The Japanese have lost at least 1,400 men at Buna: 500 west of Giropa Point and 900 east of it. Casualties of the U.S. 32d Infantry Division and Australian 18th Brigade total 2,817 (620 killed, 2,065 wounded, 132 missing).
In preparation for stepping up action on the Sanananda front, where a stalemate has existed for
some time, Australian Lieutenant General Edmund Herring, General Officer Commanding I Australian Corps, orders 25-pound (87.6 mm) artillery pieces from Buna to that area.
The 1st Battalion and Headquarters, U.S. 163d Infantry Regiment, 41st Infantry Division, take responsibility for the Huggins and Kano blocks on the trail to Sanananda, gradually relieving the Australians, between 2 and 4 January. Huggins is renamed Musket.

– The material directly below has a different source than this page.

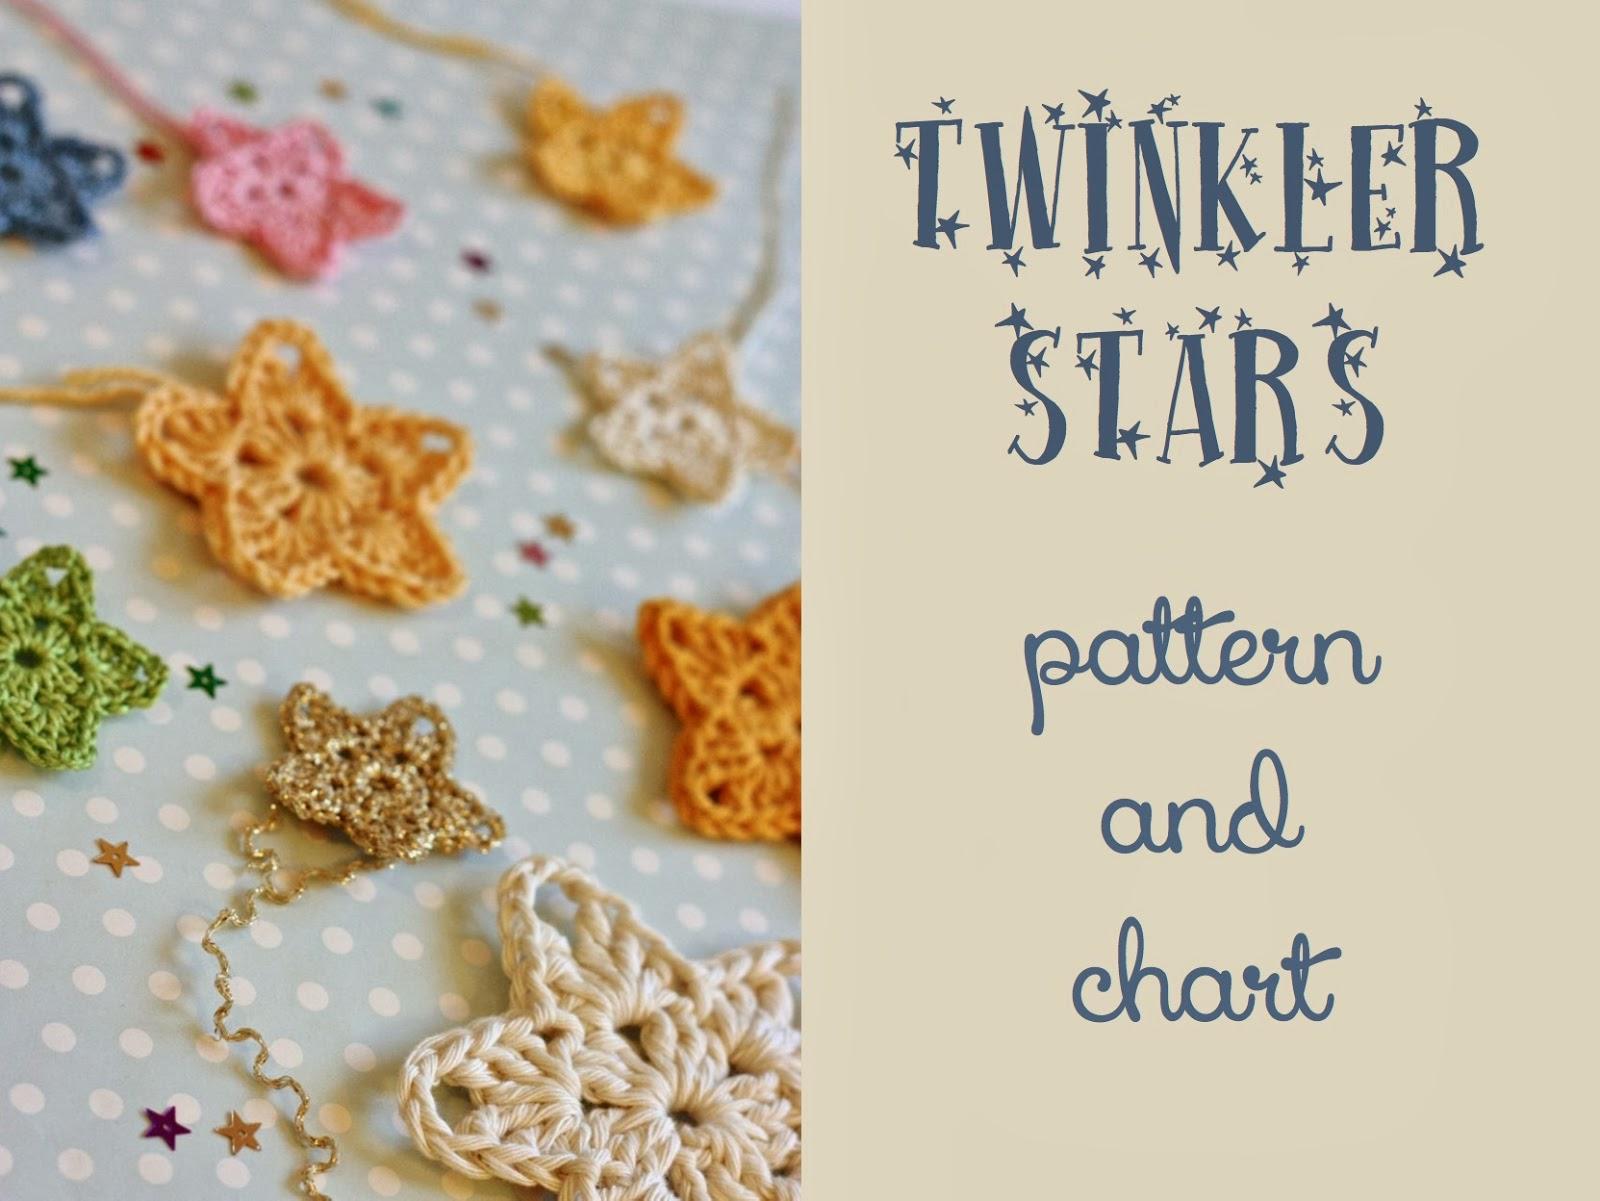 Twinkler Stars

Fifth Air Force A-20s, B-25s and B-26s hit the airfield and targets of opportunity at Lae, Northeast New Guinea.
While surveying the Milne Bay, Papua New Guinea, the Australian minesweeper HMAS Whyalla and survey vessels Stella and Polaris, are attacked by 18 Japanese aircraft.
SOLOMON ISLANDS: On Guadalcanal, Major General Millard Harmon, Commanding General U.S. Army Forces in the South Pacific Area, activates XIV Corps, consisting of the Americal and 25th Infantry Divisions, the former reinforced by the 147th Infantry Regiment. The 2d Marine Division and
other Marine ground forces are attached to the corps.
Major General Alexander Patch is placed in command of XIV Corps, and Brigadier General Edmund Sebree succeeds him as commander of Americal Division. After a heavy artillery preparation, the 132d Infantry Regiment, Americal Division, continues its offensive against the Gifu strongpoint. The 2d Battalion. taking the Japanese by surprise, advances quickly to the crest of Hill 27, south of the Gifu strongpoint, and digs in and holds firm under a number of counter attacks. The 3d and 1st Battalions establish lines along the northern and eastern sides of the Gifu, respectively, but gaps remain between the three assault battalions.
In the air, B-17s, with P-38s, and USMC SBDs, with F4Fs, bomb ten supply-carrying Japanese destroyers west of Rendova Island; the SBDs damage the destroyer HIJMS Sukukaze. The F4Fs shoot down two Zero's and an SBD rear gunner shoots down a third Zero. Eleven PT boats attack the force off Cape Esperance without success.